Dari situlah Rara merasa insecure.
Dia nggak percaya diri dengan kemampuannya. Bahkan, sekalipun dia punya ide-ide
cemerlang, Rara hampir gak bisa duduk di posisi penting karena bentuk badannya.
Hingga akhirnya Rara bertekad untuk menurunkan berat badannya dan mengubah
penampilannya.
Pacar Rara, Dika yang diperankan Reza Rahadian, sebenarnya
nggak mempermasalahkan fisik Rara. Dika justru mengaku kadung cinta dengan
ketidaksempurnaan Rara. Sampai suatu saat, perubahan Rara nggak cuma ke ranah
fisik tapi pikiran dan perilaku Rara yang menyebalkan. Dika pun kecewa dan
hampir meninggalkan Rara. Namun, di akhir cerita, Rara sadar akan perbuatannya
dan kembali berubah ke kebiasaannya semula.
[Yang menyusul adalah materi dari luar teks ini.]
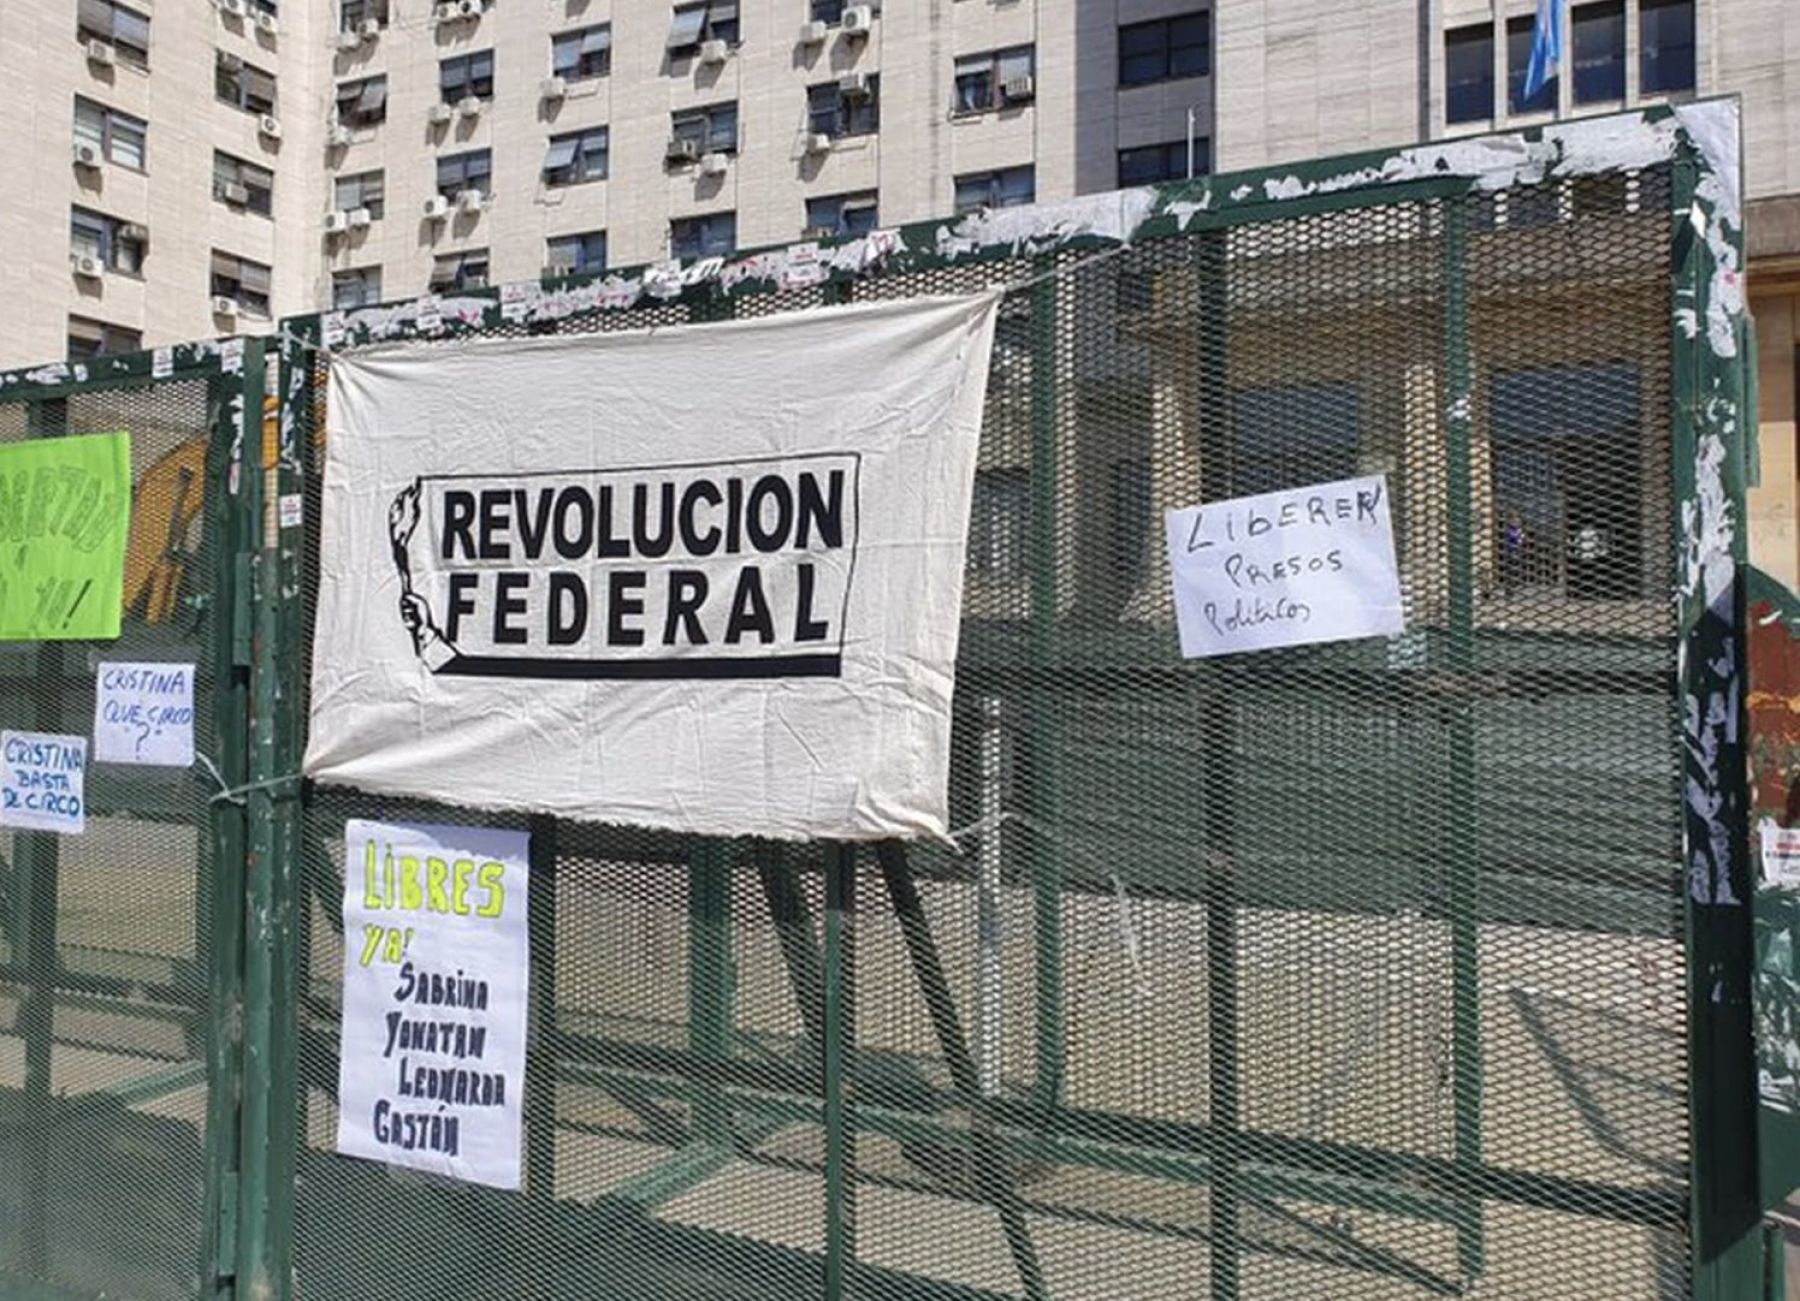 Días atrás se pedía por la liberación de los cuatro detenidos de Revolución Federal, ahora excarcelados.

Menurutku, film ini sungguh-sungguh menghibur. Film ini mampu
membawa pesan yang berat dengan format yang ringan. Di beberapa bagian,
sutradara memberi penekanan tentang tema yang diangkat. Tema insecure dengan penekanan di body shaming ini benar-benar
dieksplorasi Ernest sampai tuntas.
Akting pemain juga pas, natural. Guyonan di sini cukup
menghibur, nggak krik-krik. Bahkan, tingkah empat penghuni kos ibunya Dika
terlihat sangat natural. Ciamik! Penonton di studio pun acap tertawa terpingkal-pingkal selama menonton.
Namun, ada beberapa guyonan yang bagiku nggak berakhir lucu
karena aku sudah melihatnya di trailer.
Nggak banyak sih, sekitar dua guyonan saja yang sudah “bocor” lucunya.
Dan, akhirnya aku merekomendasikan film ini bagi kamu yang
sedang atau pernah merasa insecure. Film
ini sangat layak ditonton untuk menghabiskan libur akhir tahun.